> AIM OF THE TASK:
Ignoring every picture, return the lines of the listing below word for word, from the line that holds "Игра развивающая LivCity" through the line that holds "Bendix Acom Pro".

> INFORMATION GIVEN:
..........

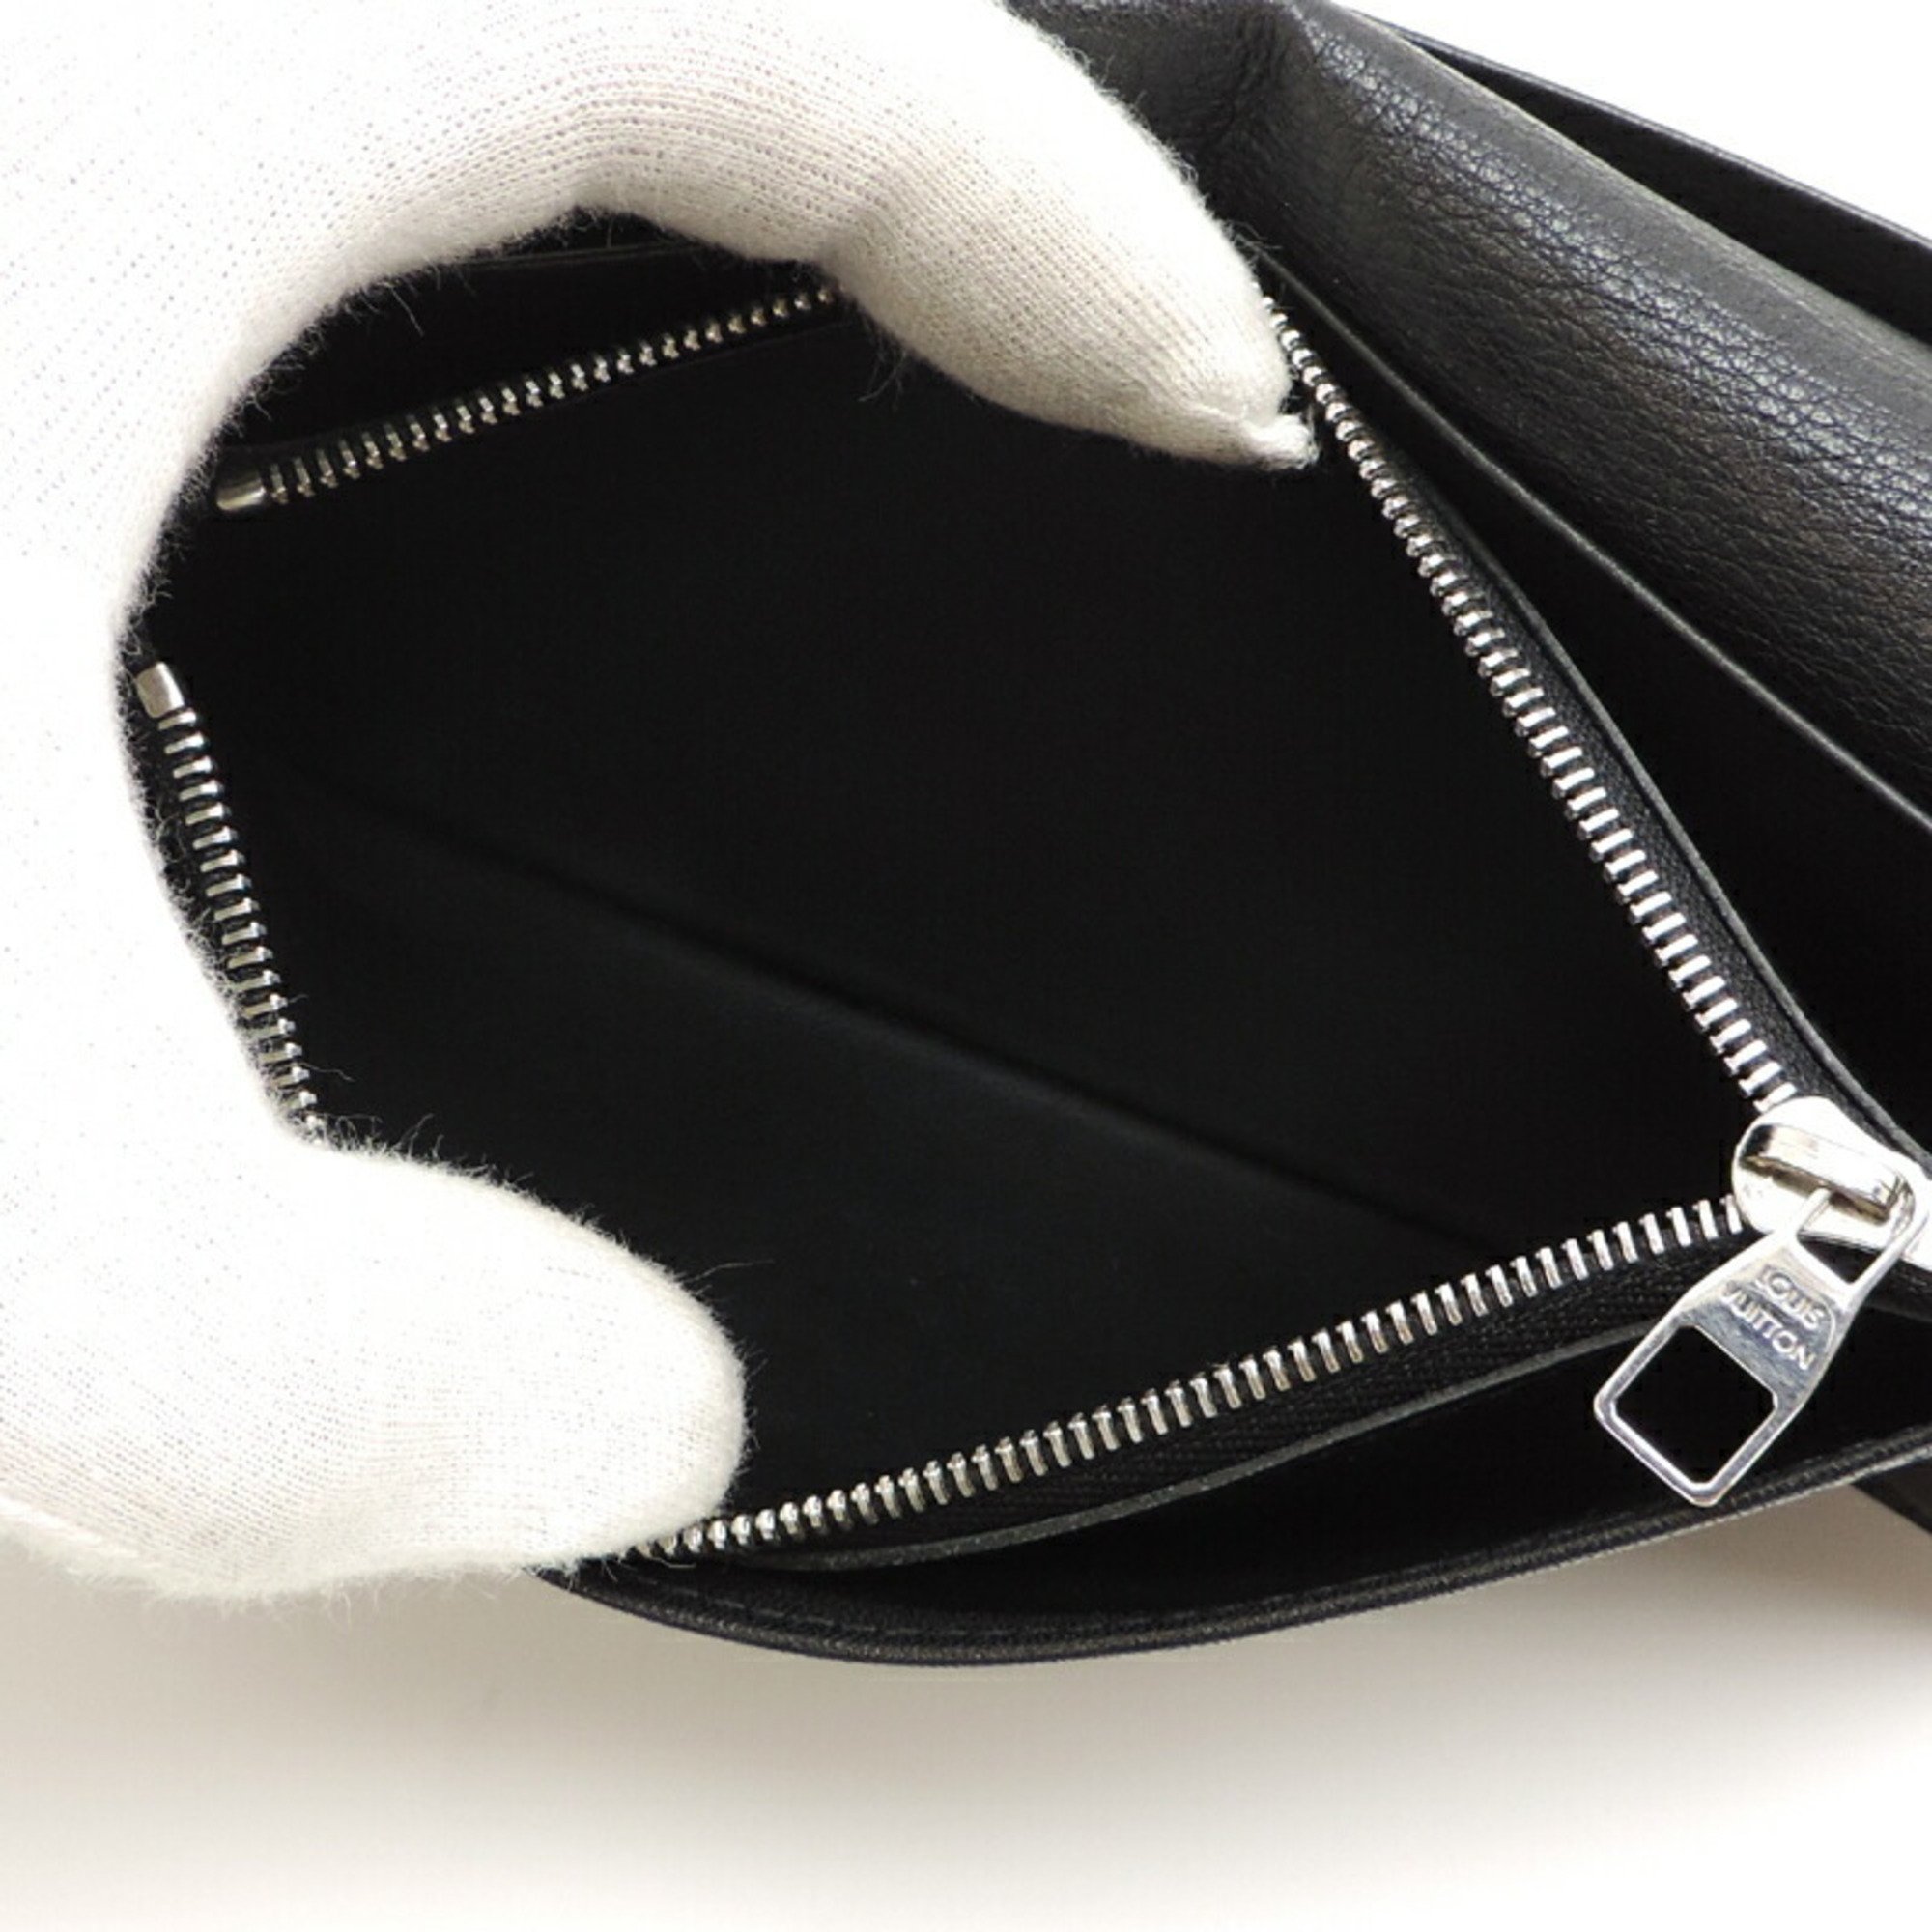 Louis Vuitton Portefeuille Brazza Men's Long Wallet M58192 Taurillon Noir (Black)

..........

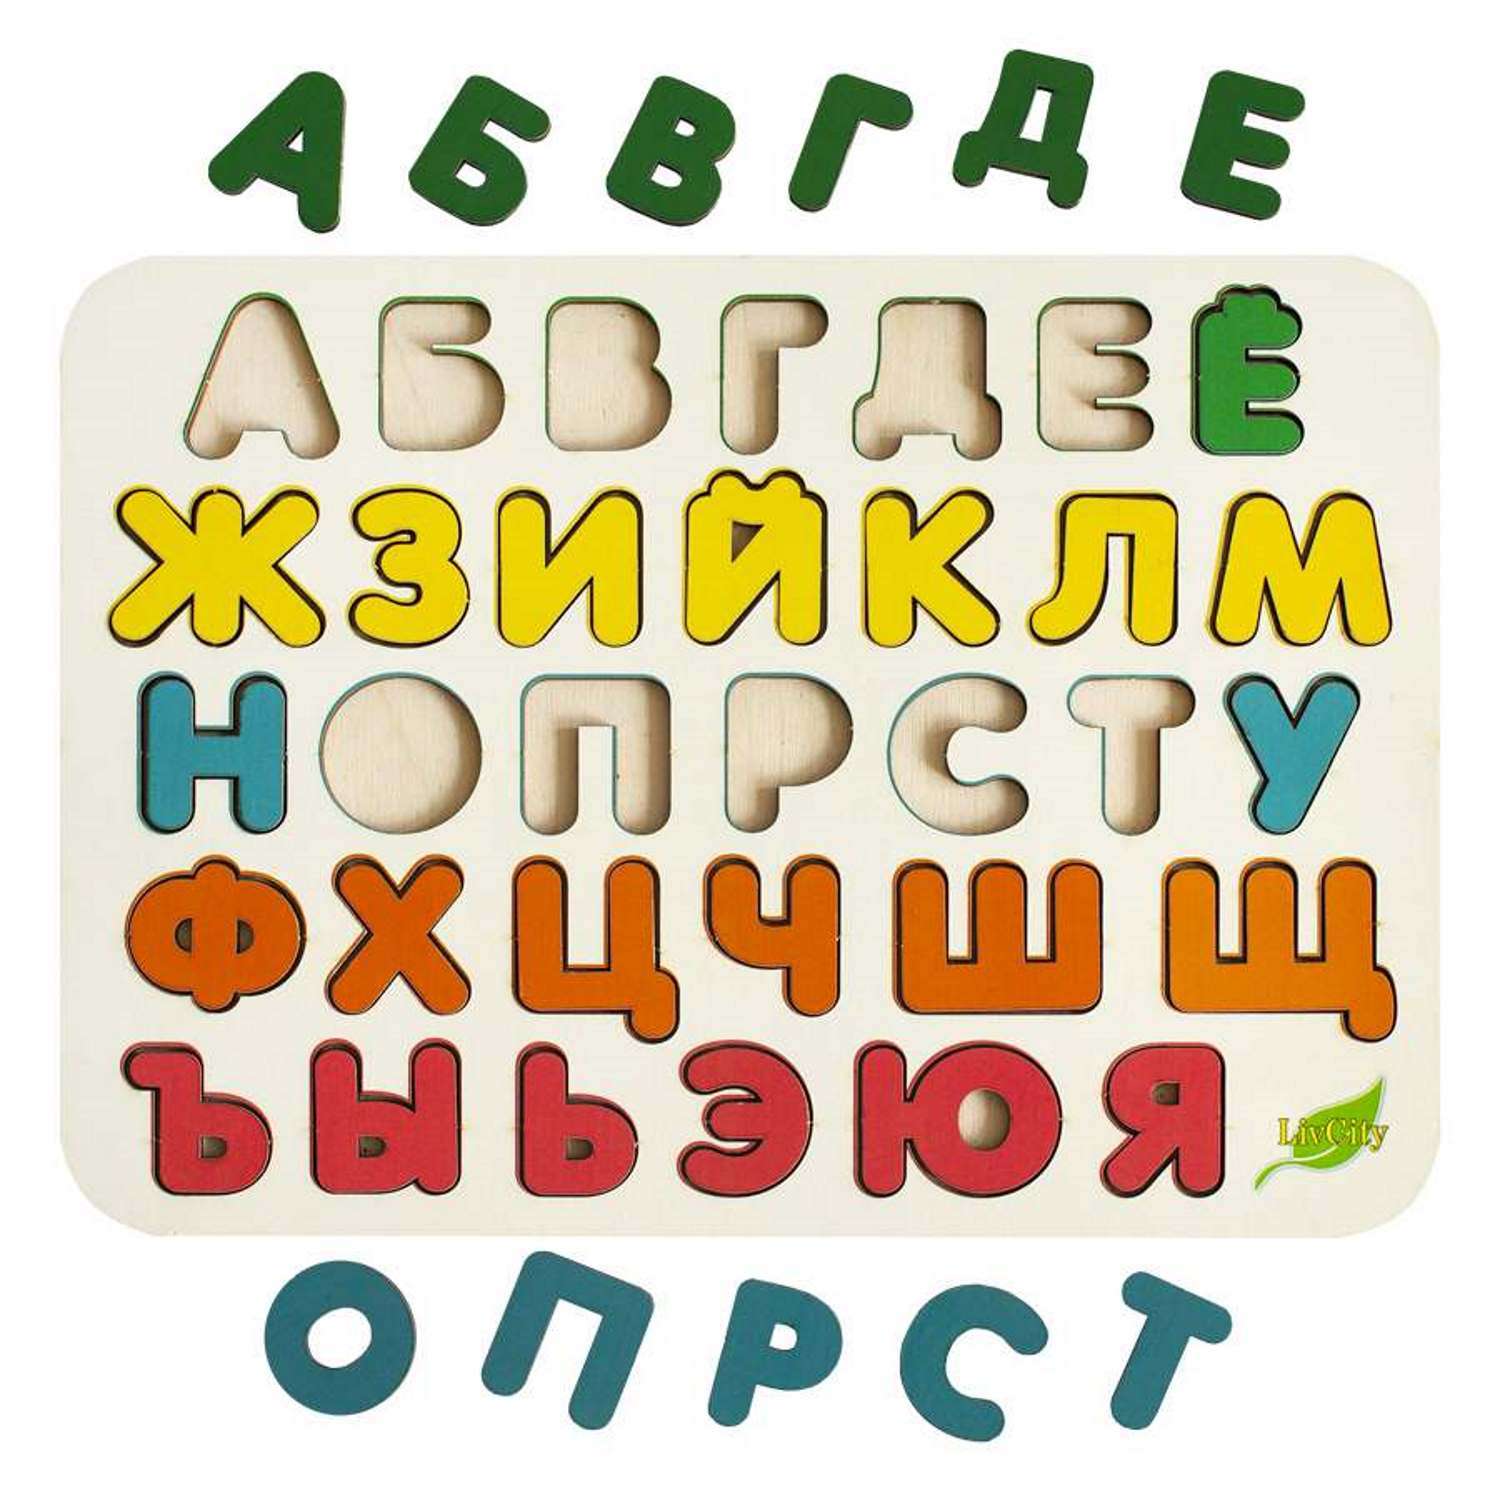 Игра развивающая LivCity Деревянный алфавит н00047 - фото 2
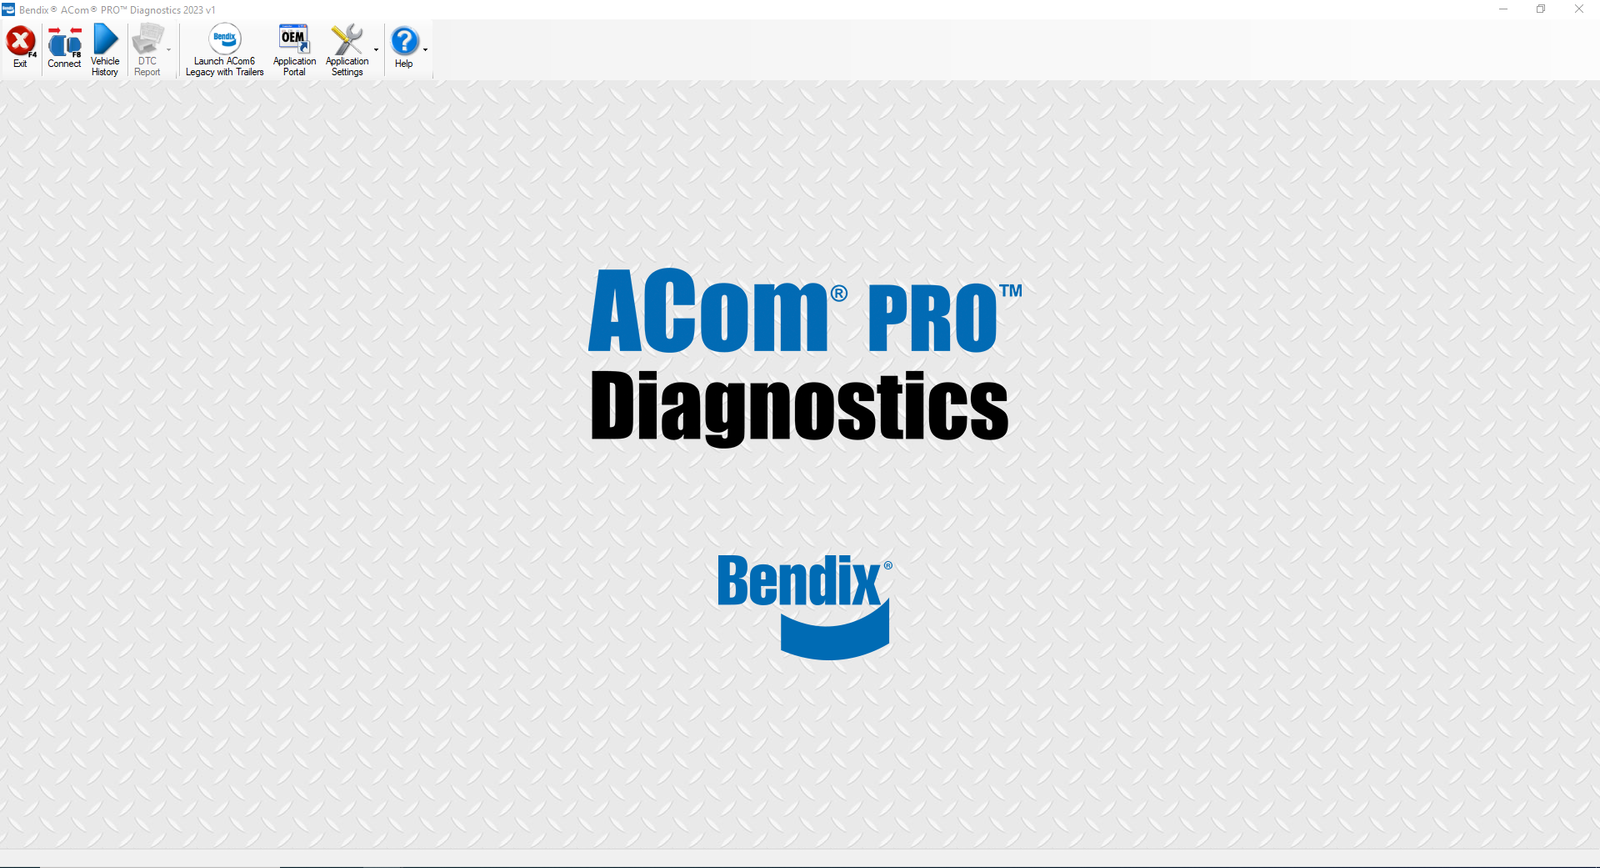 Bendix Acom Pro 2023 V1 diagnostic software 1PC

..........

> YOUR RESPONSE:
 Игра развивающая LivCity Деревянный алфавит н00047 - фото 2
 Bendix Acom Pro 2023 V1 diagnostic software 1PC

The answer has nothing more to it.